The Invisible Life of Addie LaRue by V.E. Schwab is a page-turner, and one of the rare books I have read that I wish had not ended. On the last page, I wanted the story of Addie to continue now that she had modified her deal with the dark side to save Henry Strauss. It was not that I wished Addie and Henry to reunite; it was to see how Addie’s life with Luc would continue. I recommend this book without any reservations!

Both Jan and I have always enjoyed books and movies about time travel. One of the first books I read after Jan died was The Time Travelers Wife, and now I am reading another book about time travel. If I could travel back in time, I would love to spend tens of thousands of days with her again.

But time travel is not possible. Or is it? Her spirit returns to me whenever I am paralyzed, encouraging me to dust myself off and keep going.

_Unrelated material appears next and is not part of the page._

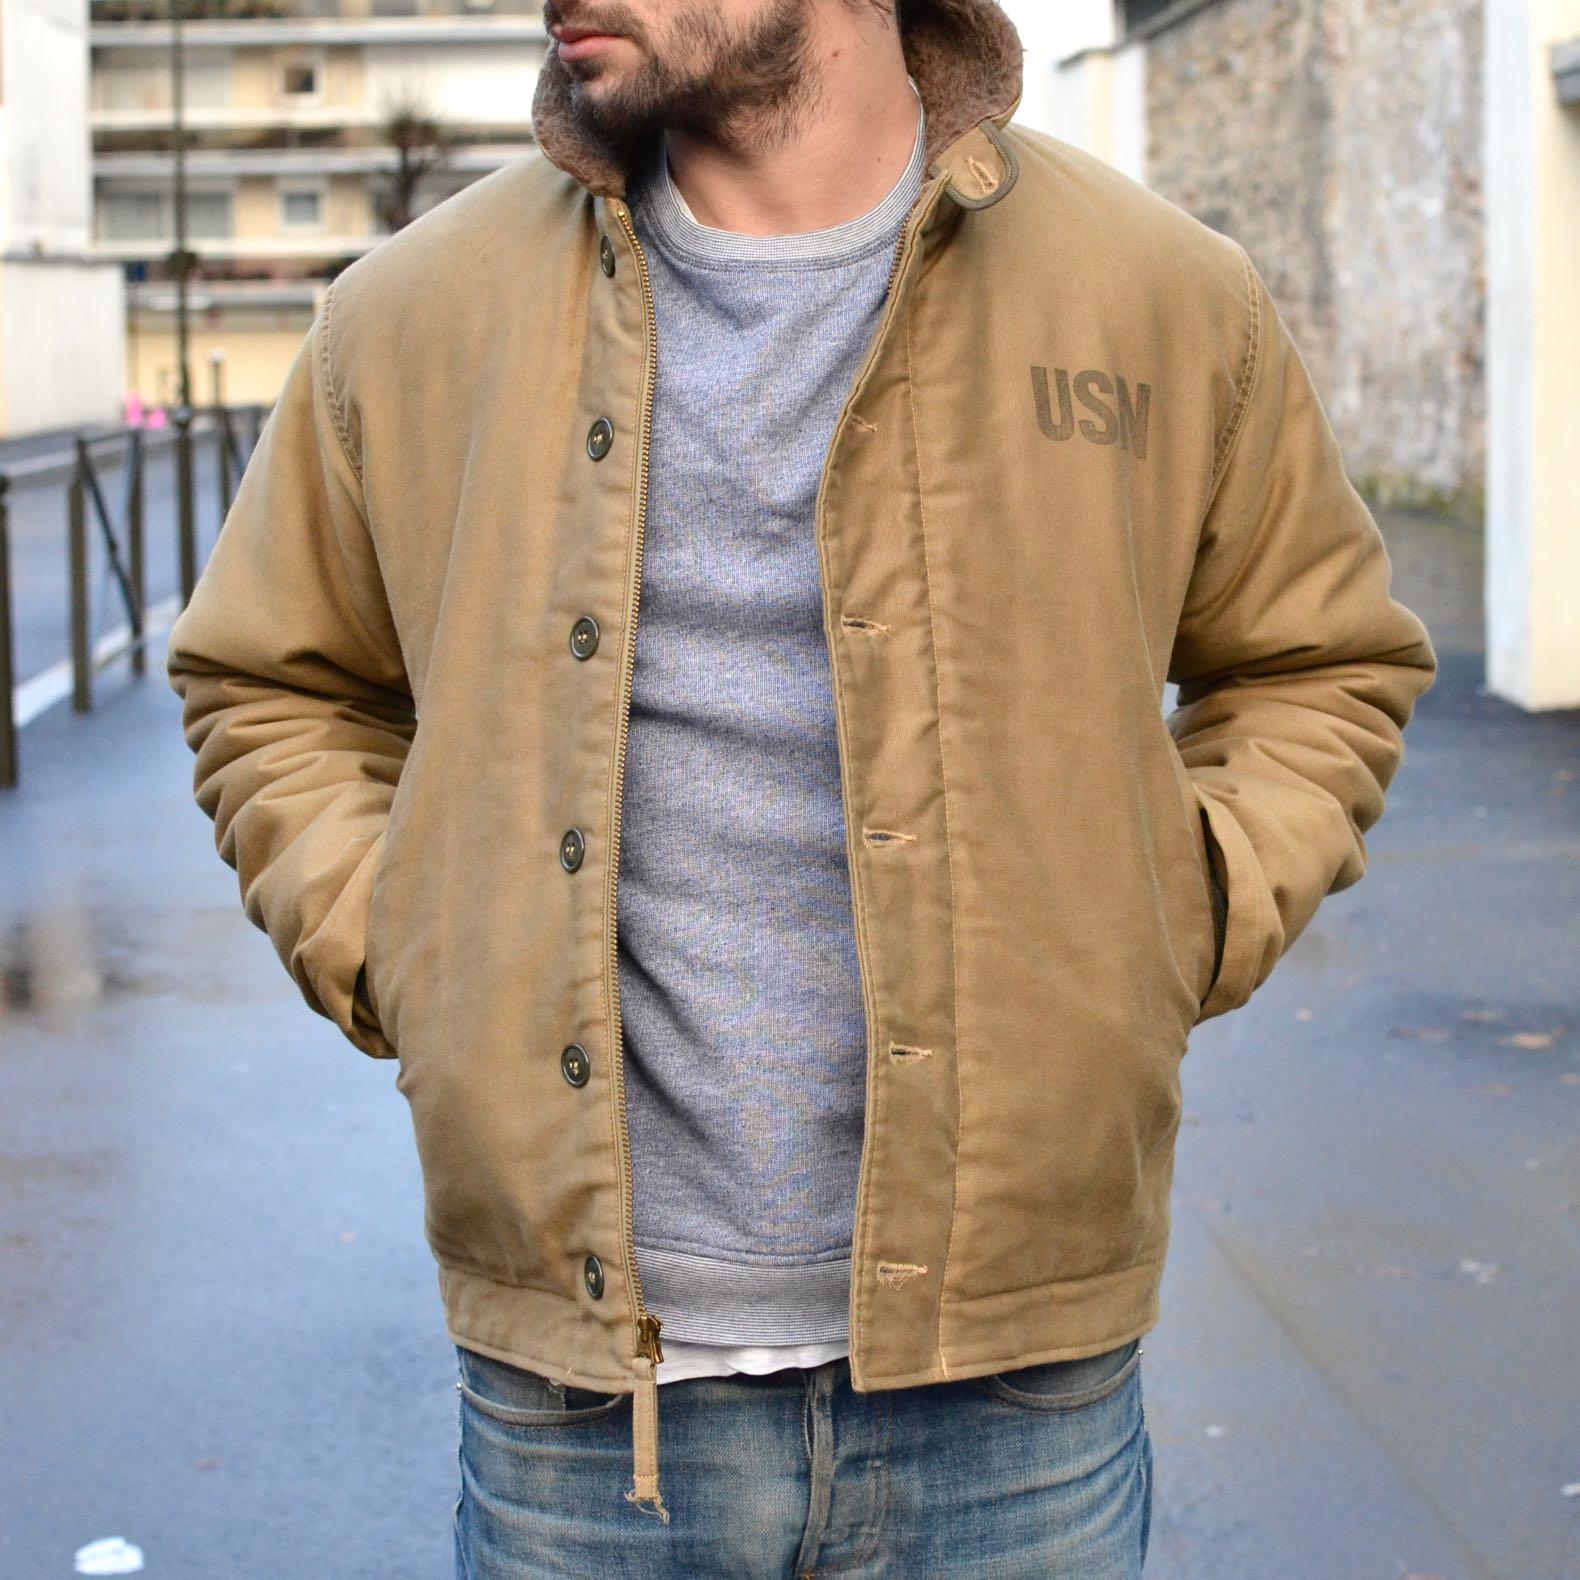 n1 deck jacket Buzz Rickson alpaga liner

Maybe one day we will travel together!

The Goodreads summary includes an overview.

France, 1714: in a moment of desperation, a young woman makes a Faustian bargain to live forever and is cursed to be forgotten by everyone she meets.

Thus begins the extraordinary life of Addie LaRue and a dazzling adventure that will play out across centuries and continents, across history and art, as a young woman learns how far she will go to leave her mark on the world.

But everything changes when, after nearly 300 years, Addie stumbles across a young man in a hidden bookstore, and he remembers her name.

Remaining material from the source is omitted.